Author:	Uberdude [ Wed Oct 03, 2018 7:11 am ]
Post subject:	Re: Home-made Elo ratings for some engines
157 hero!

Author:

pnprog [ Sat Oct 06, 2018 9:20 pm ]

Post subject:

Re: Home-made Elo ratings for some engines

Hi!
Very interested in the thread

xela wrote:

I realised that DreamGo has pondering turned on by default. So I've renamed dream from last week's update to dream_ponder, and added a new dream with pondering off. It looks like pondering is worth about 100 rating points in 5-minute games, and less in fast games.

But when DreamGo is playing with pondering on, my understanding is that:

Not only it will increase its level
But it will also decrease its opponent's level, by taken away some of the computing power the opponent needs, no?
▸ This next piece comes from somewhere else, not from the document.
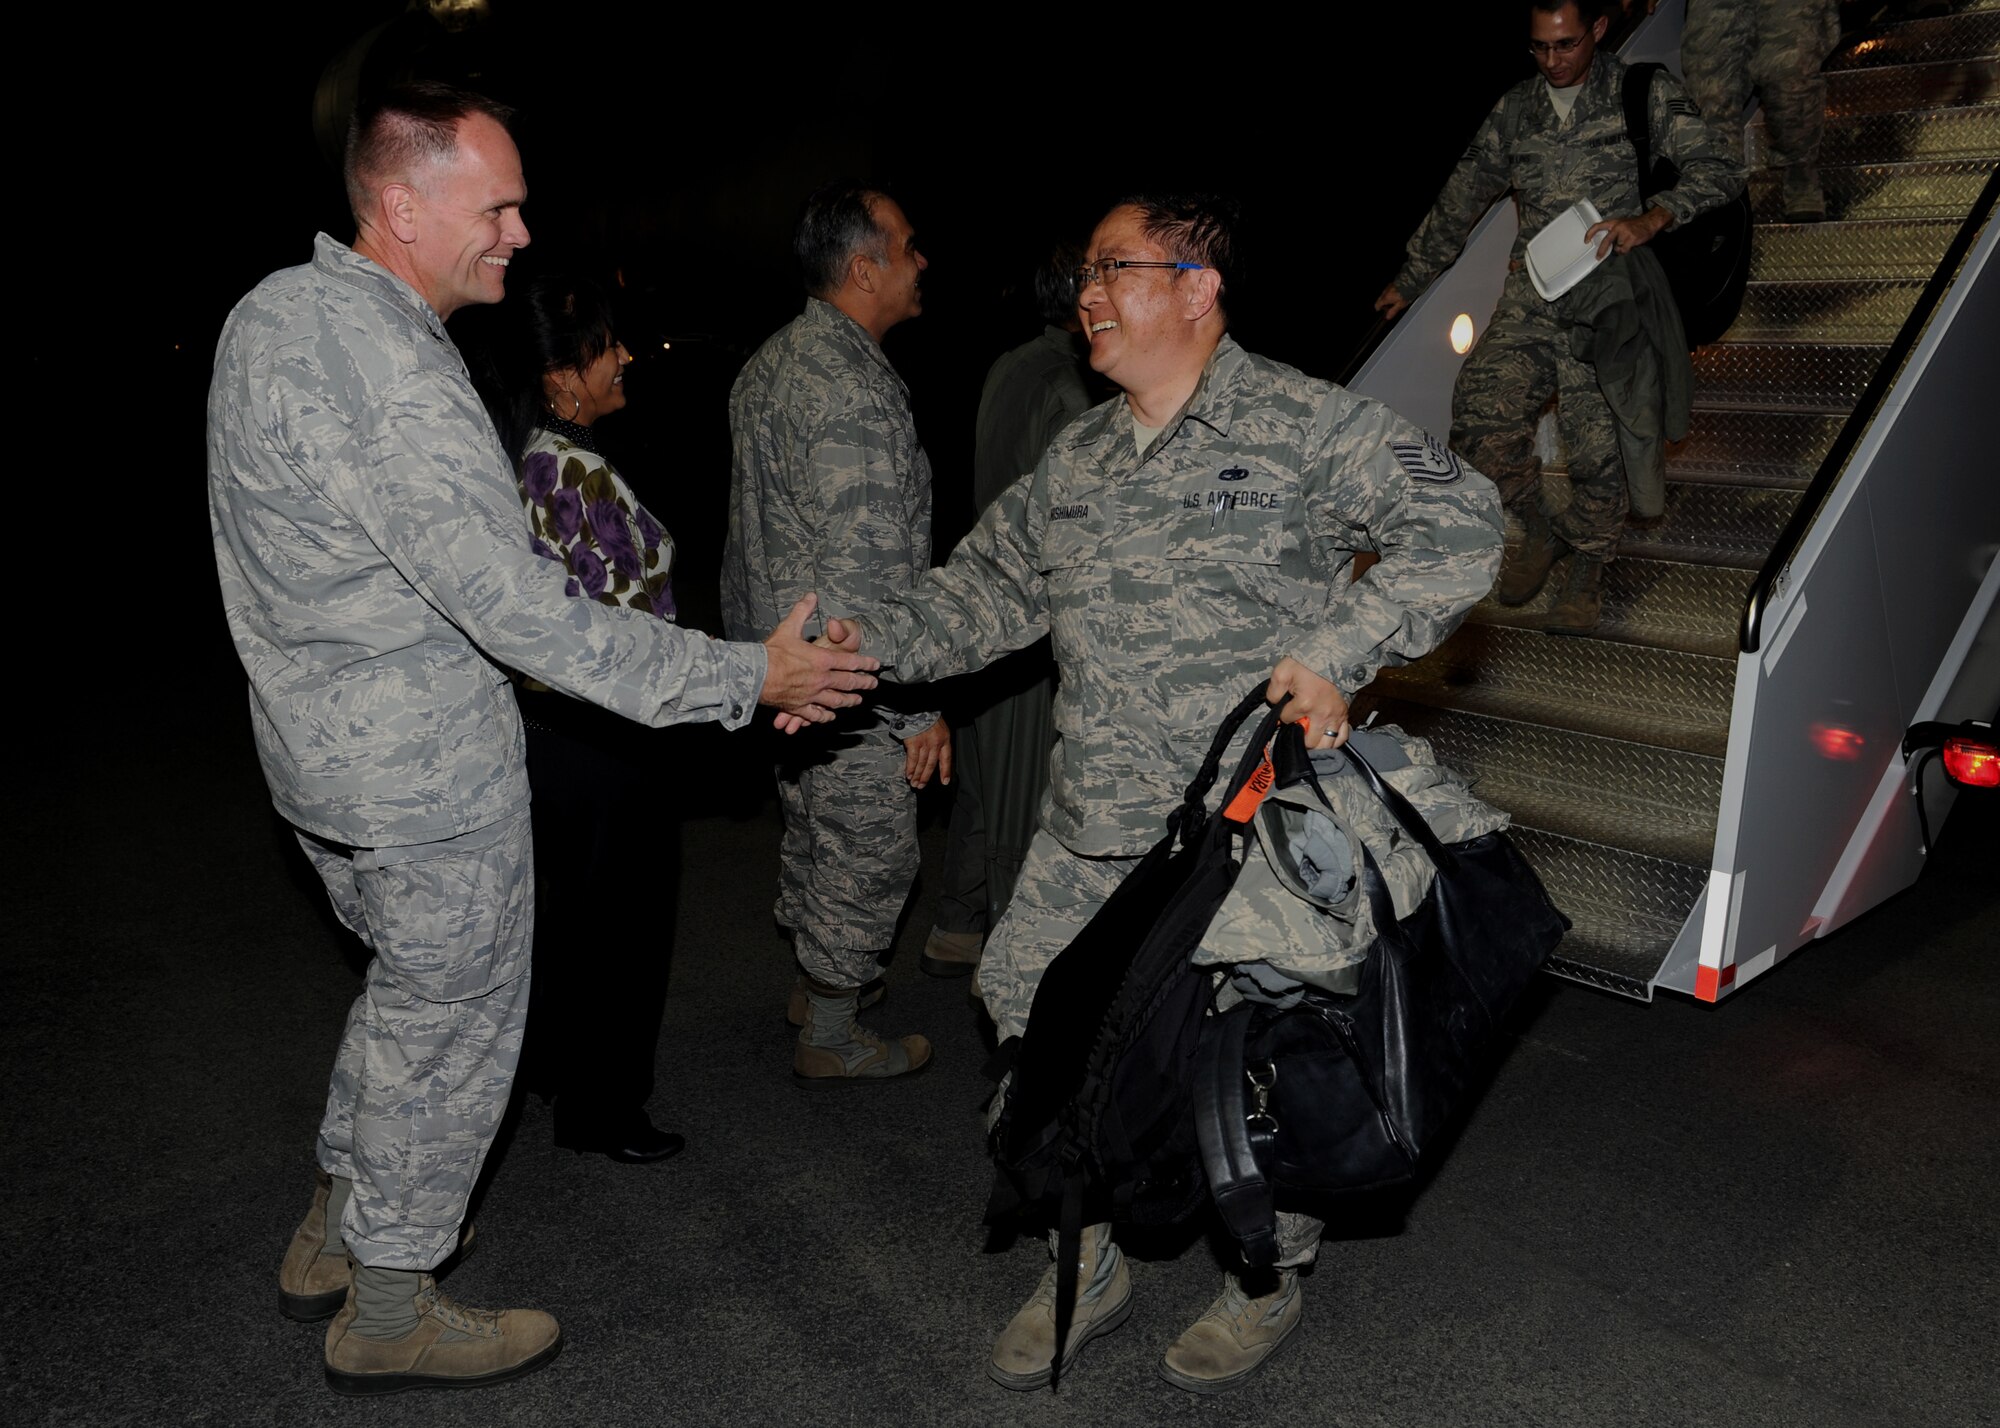 Col. John Roscoe, 15th Wing commander, along with Brig. Gen. Braden Sakai, 154th Wing, Hawaii Air National Guard, commander and his wife, welcome Tech. Sgt. Jay Nishimura, 154th Aircraft Maintenance Squadron F-22 avionics systems specialist, back from Red Flag 13-2 on Feb. 2, 2013. Nishimura, in addition to 151 other integrated active duty, HIANG and contracted personnel, contributed to the successful completion of the two-week long Red Flag exercise at Nellis Air Force Base, Nevada, as part of the Hawaiian Raptor’s first over-water deployment. (U.S. Air Force photo/Staff Sgt. Terri Barriere)

This in turn will make the opponent appear weaker, and then explains for the big difference in ELO?

Like, imagine I run the tournament on a simple computer: 1000MHz CPU, one thread, no GPU ; then it's like comparing:

DreamGo (1000Mhz) VS Pachi (1000MHz)
DreamGo (1000MHz + pondering at 500MHz) VS Pachi (500MHz)

We can expect the level of Pachi to be significantly weaker, while facing a DreamGo boosted a little by pondering?

For the dream_ponder entry, what you would like to have is:

DreamGo (1000MHz + pondering at 1000MHz) VS Pachi (1000MHz)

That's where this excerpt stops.